2. The payments on the same loan amortized over 15 years are $477.83 per month (principal and interest).
3. These payments amortized over 10 years are $606.64 per month (principal and interest).
This is especially pertinent to landlords like myself who live in the mid-West. The house referred to earlier, purchased for $18,000 has a mortgage on it of $13,500. It currently rents for $375. The difference in payments by length of term on this mortgage (at 8.25%) is:
-- 30 year - $101.42 per month
-- 15 year - $130.97 per month
-- 10 year - $165.58 per month
With the cash flow it currently has, I chose the 10-year amortization. I cut off 20 years of payments to the bank.

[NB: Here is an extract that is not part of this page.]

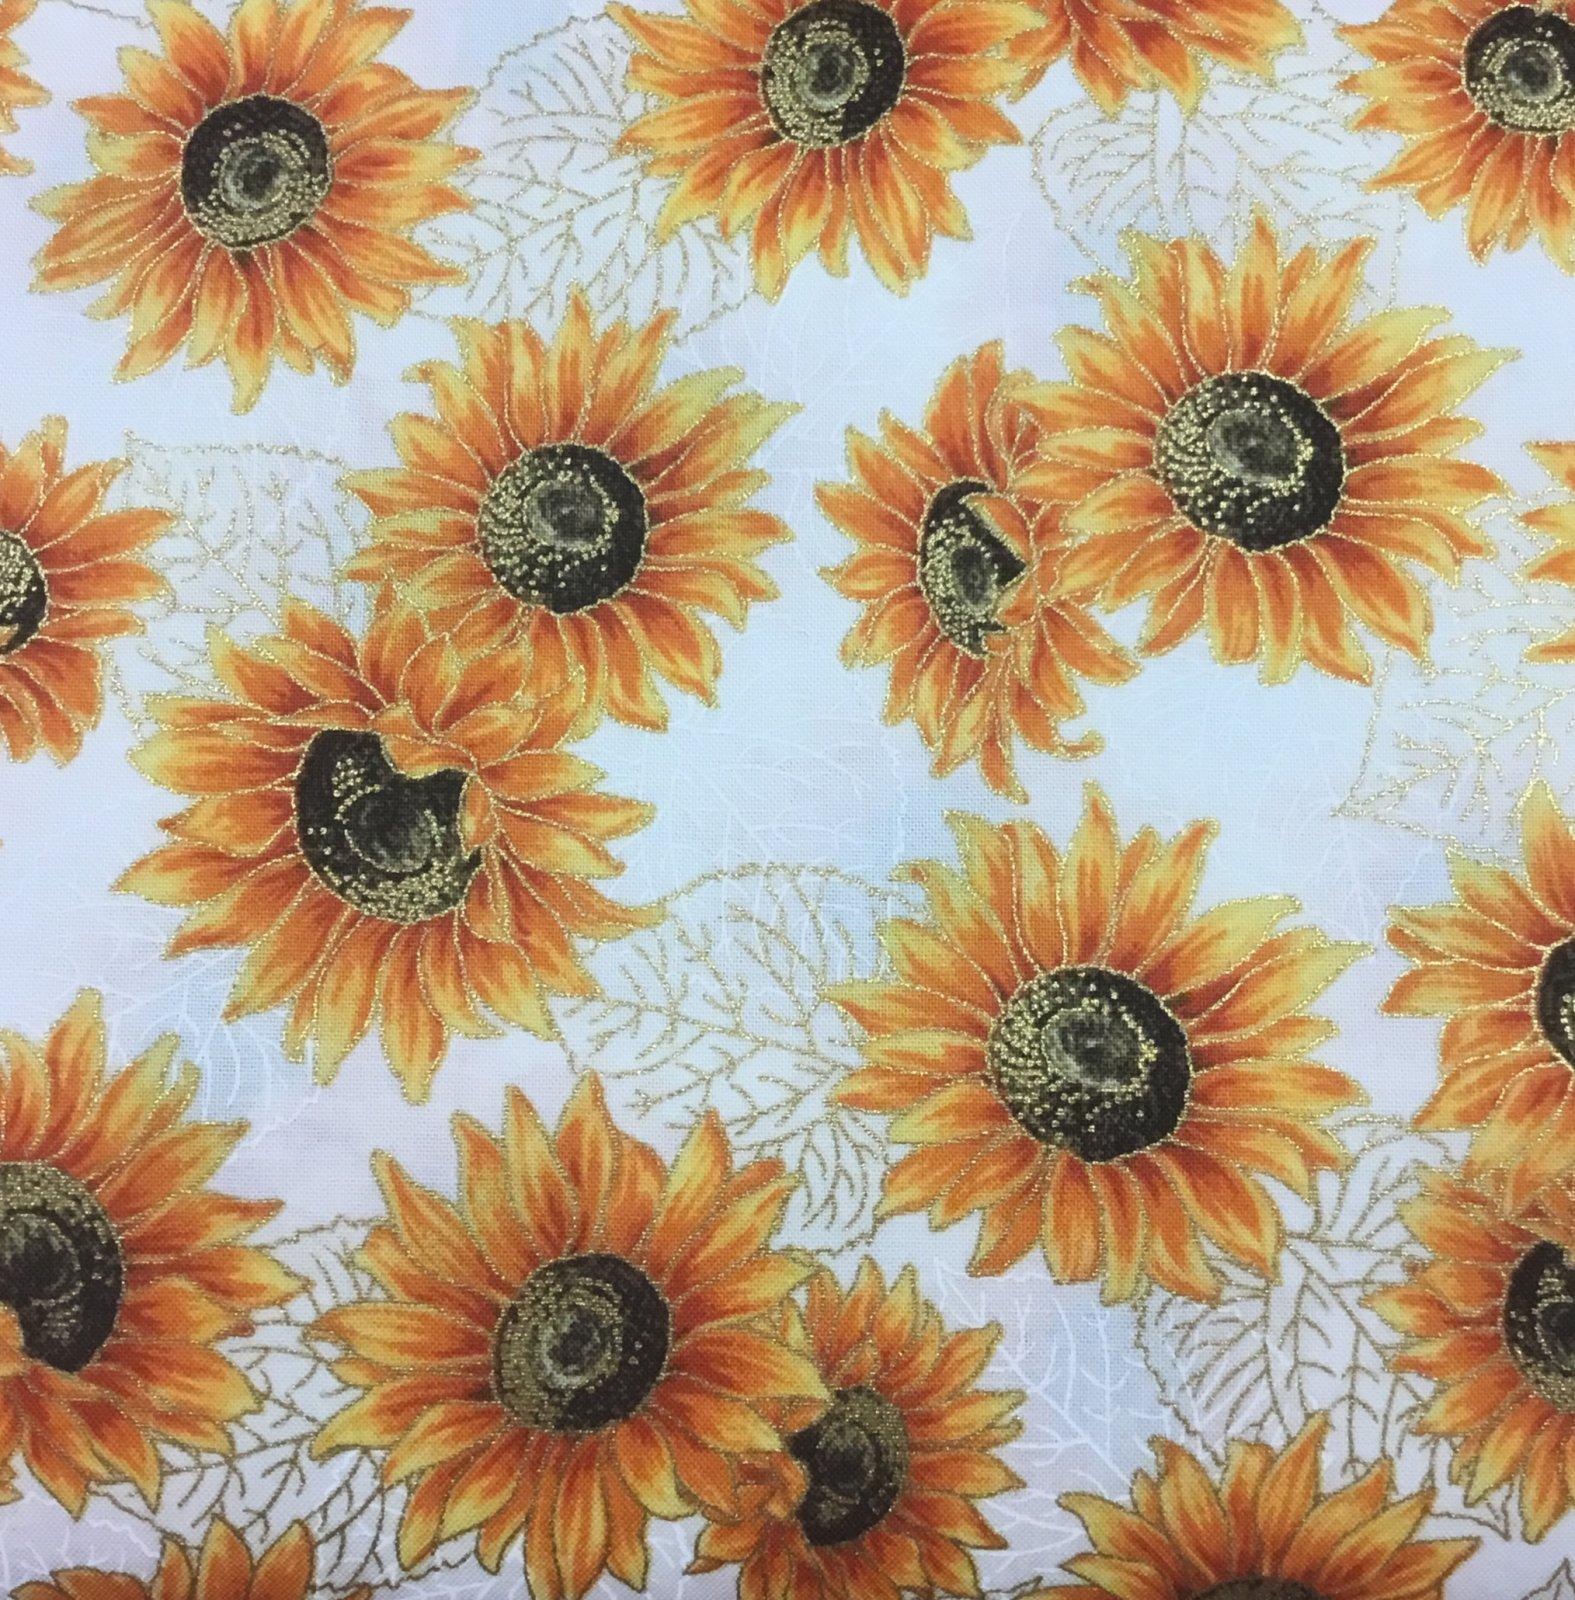 Autumn Beauties Metallic Sunflower

Another way to save money is to pay your mortgage bimonthly. I have eight repeating appointments in ApptBook reminding me to pay my mortgages bimonthly on my four houses. This is a trick that my mentor Curly showed me. The first time you pay your mortgage you make your normal monthly payment plus 50% of that amount. From then on, starting 15 days later, you pay half of the monthly amount on the scheduled day of the month, and another half month's payment on the day that falls 15 days later. This simple manipulation, Curly tells me, cuts your loan term by approximately 25% while you pay the same total amount of money per month. I thought my bank might object to this idea since they would be losing interest money, so I called them about it. They didn't care one way or the other. As long as they received their money on time, they told me, everything was fine.
Life on the Riviera
I can't say my life has actually landed me on the Riviera yet. But in the mean time, one of my favorite games is to go into HP Calc's Currency Conversions application (MENU) (Applications) (Conversions) (Currency), play with different rates of exchange and dream. Joe says never pay for a vacation when you are financially independent-donate your time to a charitable organization in the country you want to visit and let them pay for your travel and expenses.

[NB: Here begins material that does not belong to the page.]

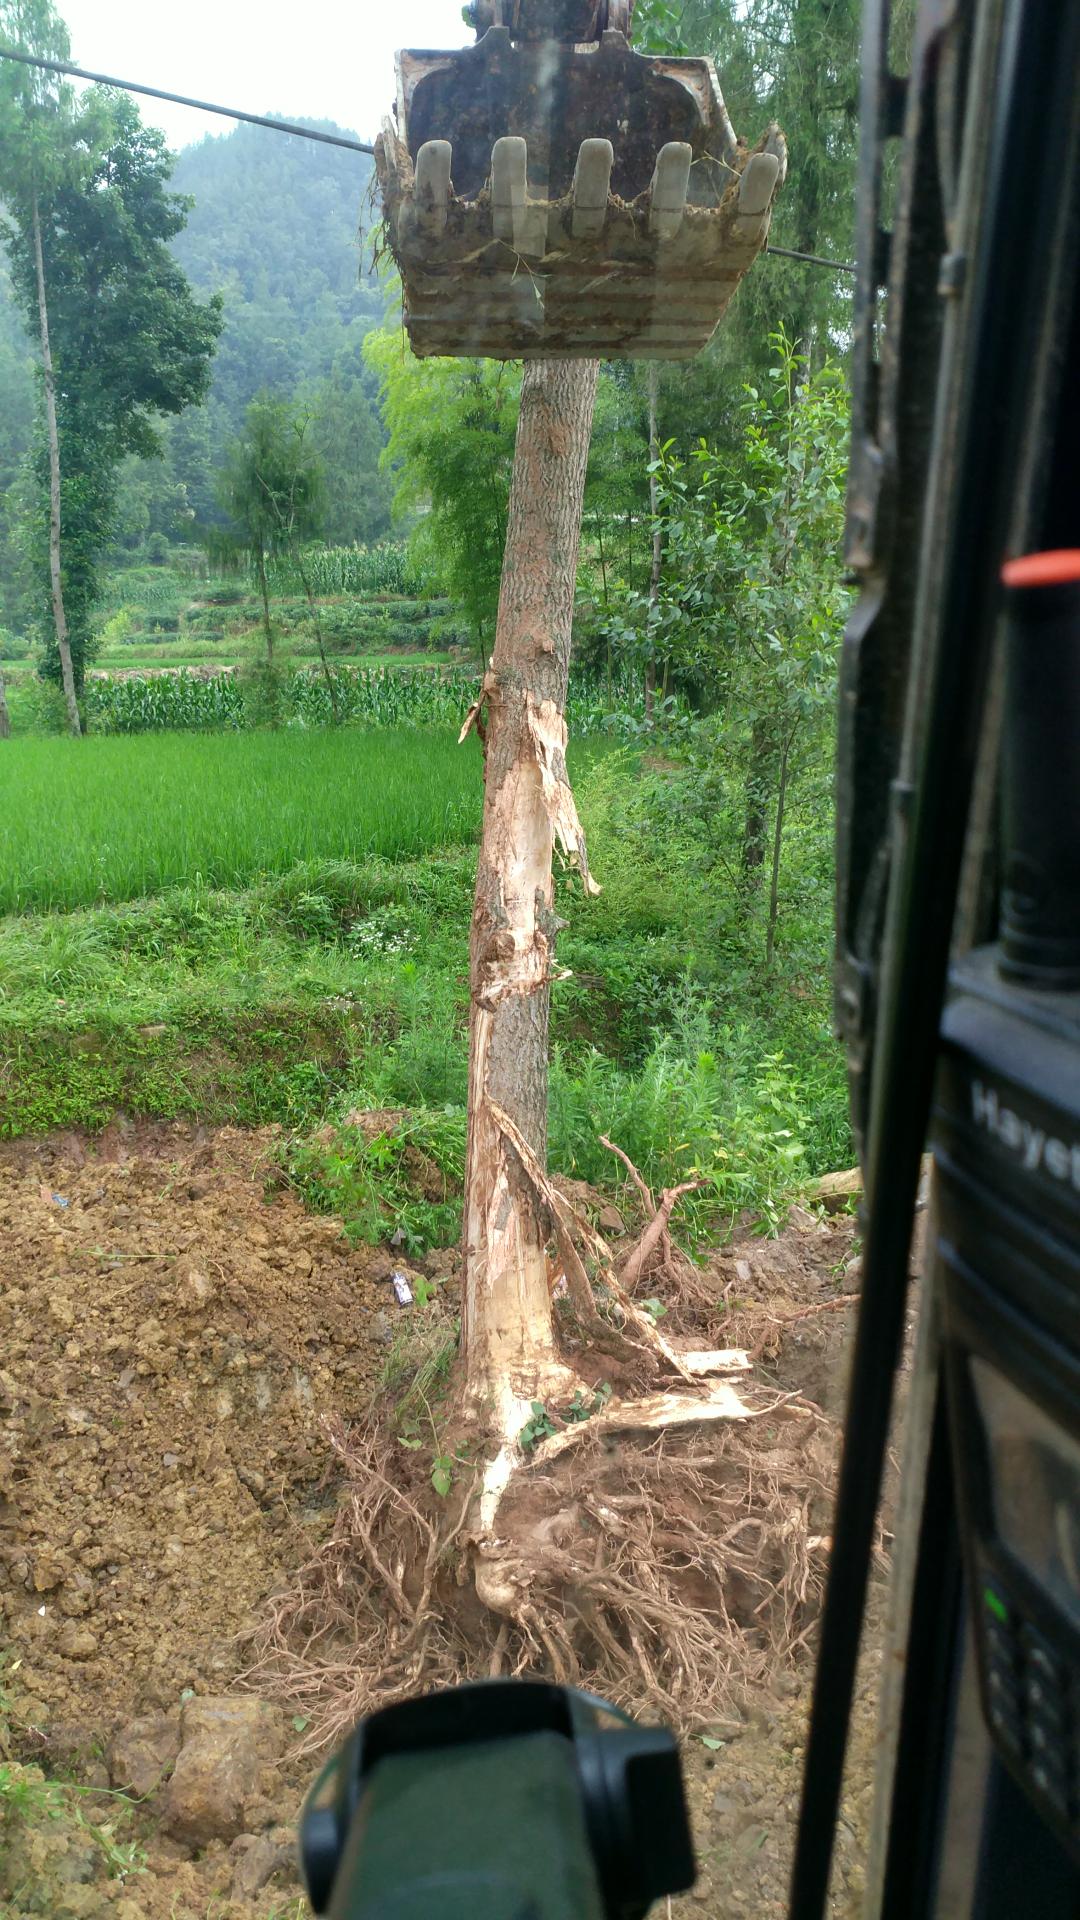 老板指挥不当导致挖机被树砸到驾驶室。

Since I am single, my target "rejuvenation" (I don't like the word "retirement") amount is $1,000 per month. Whenever I tell someone this, the usual response is, "No one can live on $1,000 a month!"
But it can be done easily. Again, the concept comes from Your Money or Your Life. My plan is to teach English as a Second Language or do volunteer work (travel with expenses paid) for six months a year. While I'm gone, my $1,000 per month income will be adding up in the bank. This way, for the six months a year when I am home, I will have an effective income of $2,000 per month, and this I know I can comfortably live on. I will have the time to ride my bicycle rather than drive and I know how to find great deals on the things I will want or need.
What about future opportunities to make money? According to Joe and Vicki they are easier to spot when you don't spend all of your day working.